Faster light filter. I will upload an example, where the speed is improved from 55 to 73 fps (on a mac leopard)! The patch contains heavy optimizations, which you may not like, that is why it is a draft atm.
Comment 2 Zoltan Herczeg 2010-10-27 00:07:50 PDT
Created attachment 71992 [details]
Example
Comment 3 Dirk Schulze 2010-10-27 01:02:35 PDT
Comment on attachment 71991 [details]
draft patch

View in context: https://bugs.webkit.org/attachment.cgi?id=71991&action=review

Have you measured the performance with ByteArray*? I couldn't see a difference between usigned char* and ByteArray* on feGaussianBlur with shark. Of course you save some address calculations on using unsigned char* (pixels[0] = ... pixels[1]), but would still interest me you see a difference.
The changes on FloatPoint3D are ok.

> WebCore/platform/graphics/filters/FELighting.cpp:95
> +inline void FELighting::LightingData::topRight(int offset, IntPair& intPair)
>  {
> -    return static_cast<int>(pixels->get(offset - widthMultipliedByPixelSize + cPixelSize + cAlphaChannelOffset));
> +    unsigned char* pixel = pixels + offset;
> +    int left = static_cast<int>(pixel[-cPixelSize + cAlphaChannelOffset]);
> +    int center = static_cast<int>(pixel[cAlphaChannelOffset]);
> +    pixel += widthMultipliedByPixelSize;
> +    int bottomLeft = static_cast<int>(pixel[-cPixelSize + cAlphaChannelOffset]);
> +    int bottom = static_cast<int>(pixel[cAlphaChannelOffset]);
> +    intPair.normalX = -(left << 1) + (center << 1) - bottomLeft + bottom;
> +    intPair.normalY = -left - (center << 1) + bottomLeft + (bottom << 1);
>  }

Is there no way to share more of the code with the other edge functions?

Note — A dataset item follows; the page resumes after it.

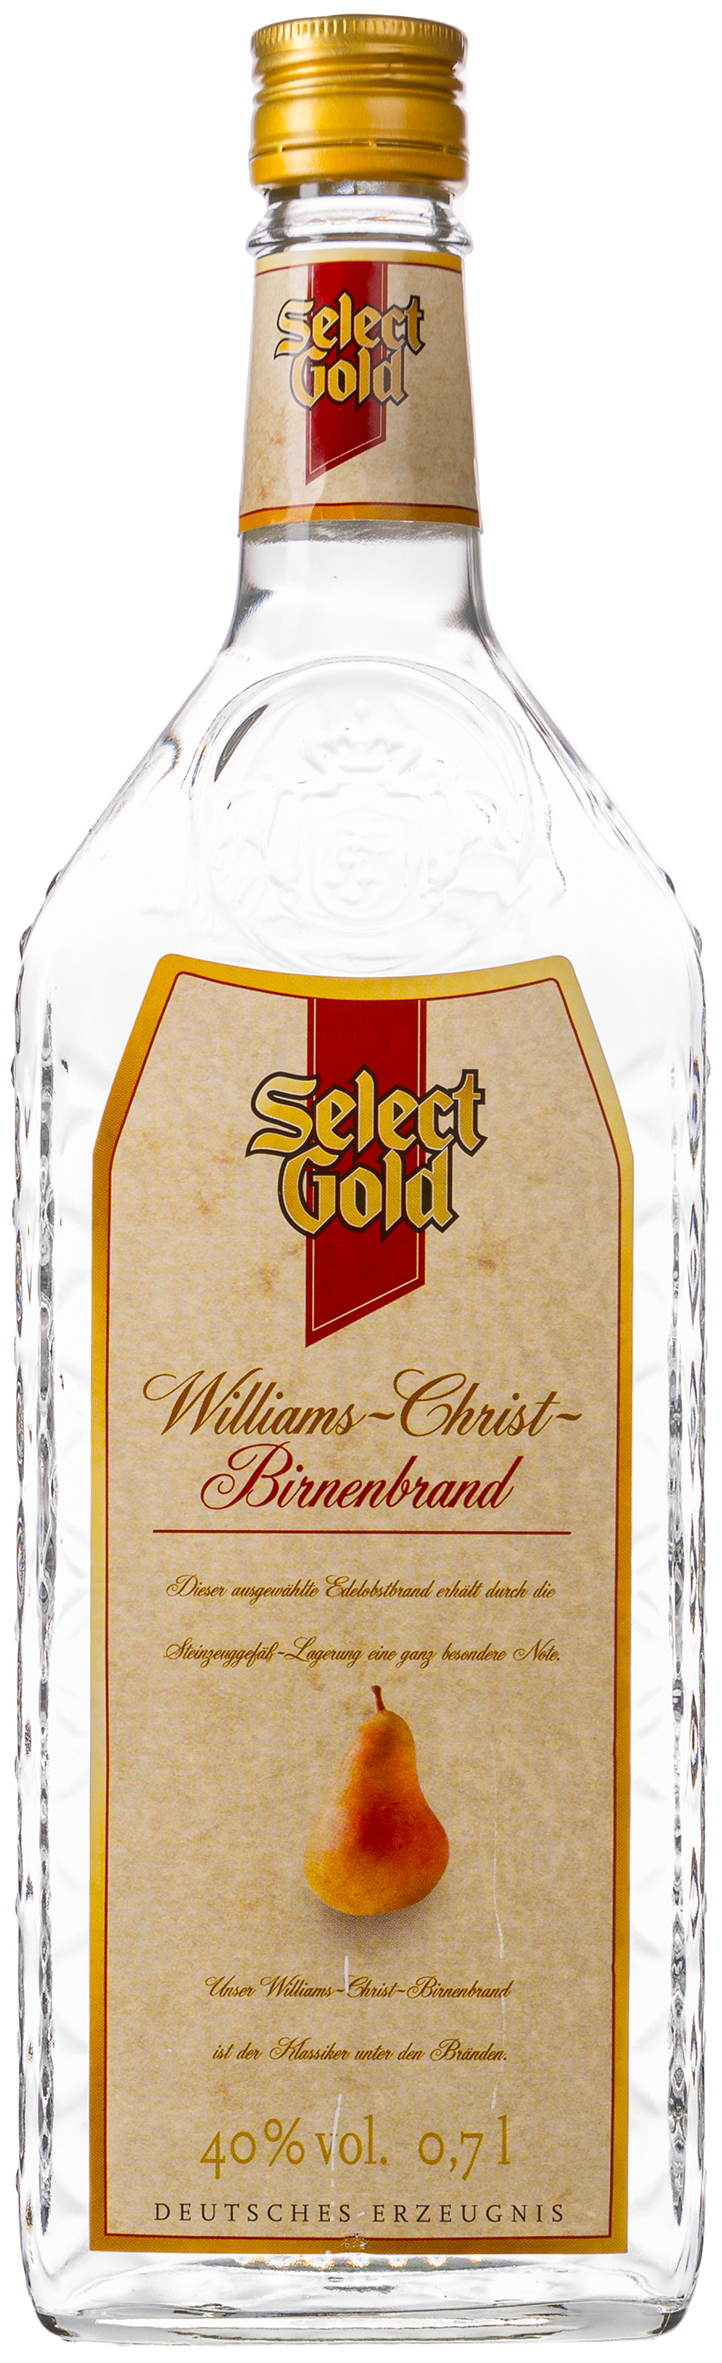 Select Gold Williams Christ Birnenbrand 40% 0,7L
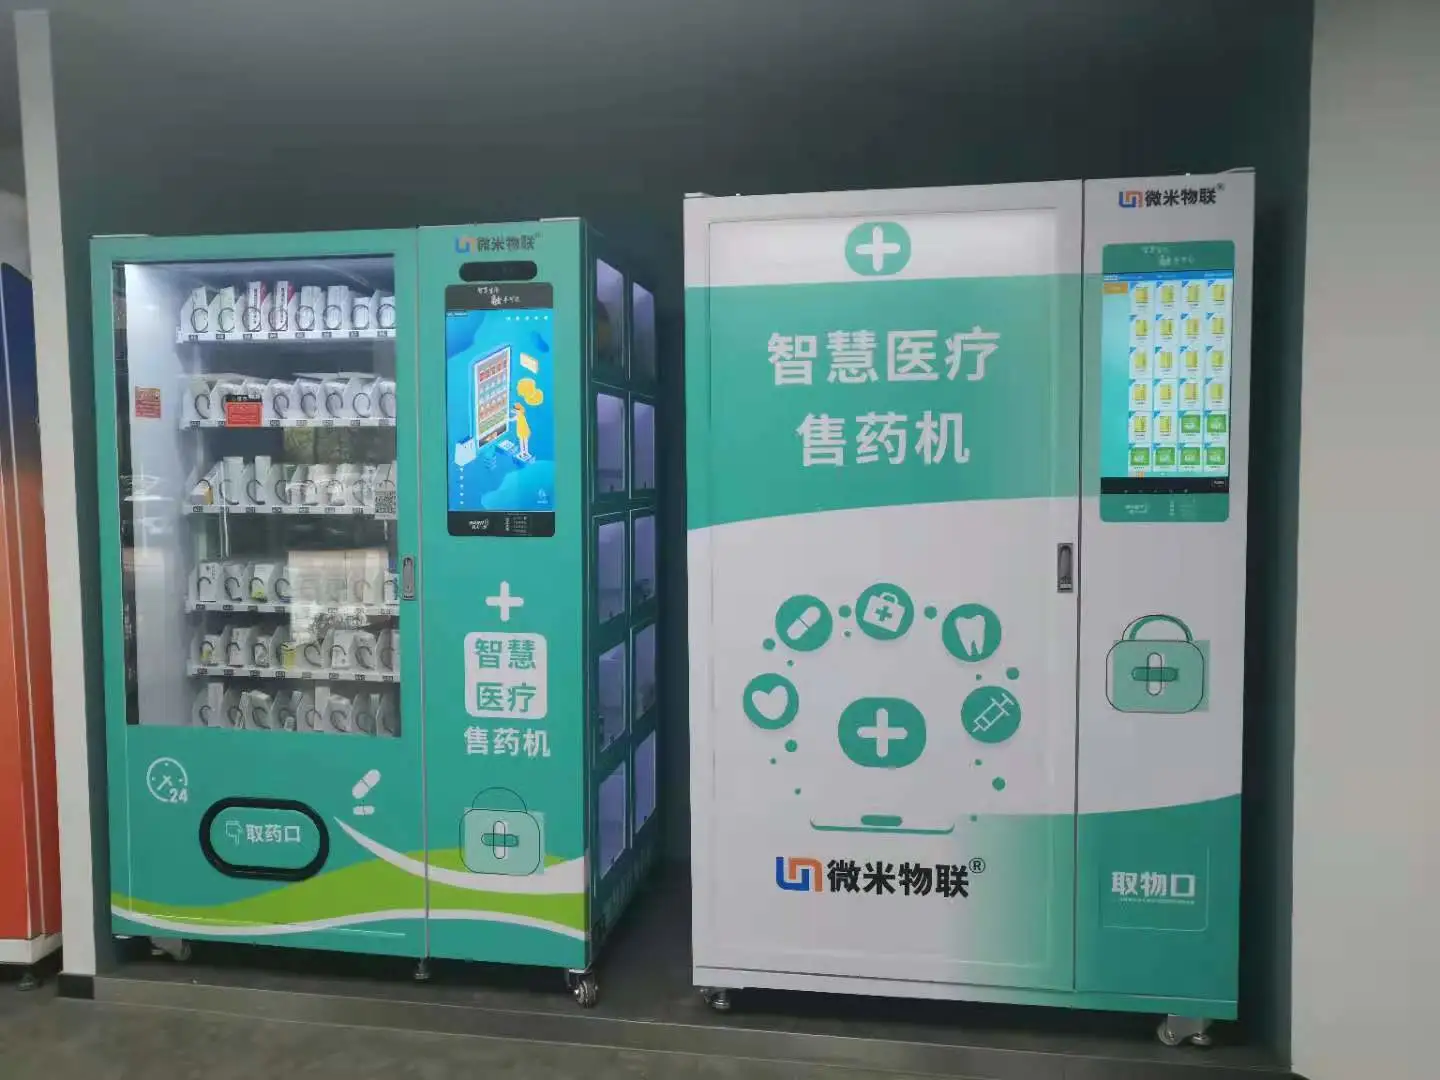 24-Hour Medicine Vending Machine-The Future of Healthcare

> WebCore/platform/graphics/filters/FELighting.cpp:196
> +            if (m_specularExponent == 1.0f)

== 1

> WebCore/platform/graphics/filters/FELighting.cpp:205
> +        normalVector.setZ(1.0f);

just ...setZ(1);

> WebCore/platform/graphics/filters/FELighting.cpp:214
> +            if (m_specularExponent == 1.0f)

== 1

> WebCore/platform/graphics/filters/FELighting.cpp:-128
> -    if (data.lightStrength > 1.0f)
> -        data.lightStrength = 1.0f;
> -    if (data.lightStrength < 0.0f)
> -        data.lightStrength = 0.0f;

1 and 0

> WebCore/platform/graphics/filters/FELighting.cpp:237
> +    IntPair intPair;
> +    int offset;

Please initialize these values. And declare them on the first use.

> WebCore/platform/graphics/filters/FELighting.cpp:258
> +    setPixel(offset, data, paintingData, 0, 0, -2.0f / 3.0f, -2.0f / 3.0f, intPair);

Normally the compiler should optimize it, but can you add a static const for -2 / 3.f ? This is reused multiple times. The same for some other constant calculations, a name is also easier to understand.

> WebCore/platform/graphics/filters/FELighting.cpp:346
>      RefPtr<ImageData> srcImageData(in->resultImage()->getUnmultipliedImageData(effectDrawingRect));

change srcImageData(...) to srcImageData = ... please

> WebCore/platform/graphics/filters/FELighting.h:57
> +    struct IntPair {
> +        int normalX;
> +        int normalY;
> +    };

Do you really see a noticeable performance win compared to IntPoint?
Comment 4 Zoltan Herczeg 2010-10-27 05:10:43 PDT
Created attachment 72014 [details]
Draft patch 2

This one contains the requested changes except the ByteArray* rewriting. This is the fastest so far, can achive 74 fps.
Comment 5 Zoltan Herczeg 2010-10-27 05:12:34 PDT
Created attachment 72015 [details]
ByteArray rewriting

This one contains the ByteArray rewriting. It is slower, only 72 fps.
Comment 6 Dirk Schulze 2010-10-27 05:44:45 PDT
Thanks for taking the bother to check ByteArray, have you used callgrind (kcachegrind) or shark to look why it is slower on ByteArray? Is it the get and set method? If so, we might follow kling's suggestion and add a unsafeGet/Set method. I'd also like to know what takes most of the time after your changes.
Comment 7 Zoltan Herczeg 2010-10-27 06:35:26 PDT
(In reply to comment #6)
> Thanks for taking the bother to check ByteArray, have you used callgrind (kcachegrind) or shark to look why it is slower on ByteArray? Is it the get and set method? If so, we might follow kling's suggestion and add a unsafeGet/Set method. I'd also like to know what takes most of the time after your changes.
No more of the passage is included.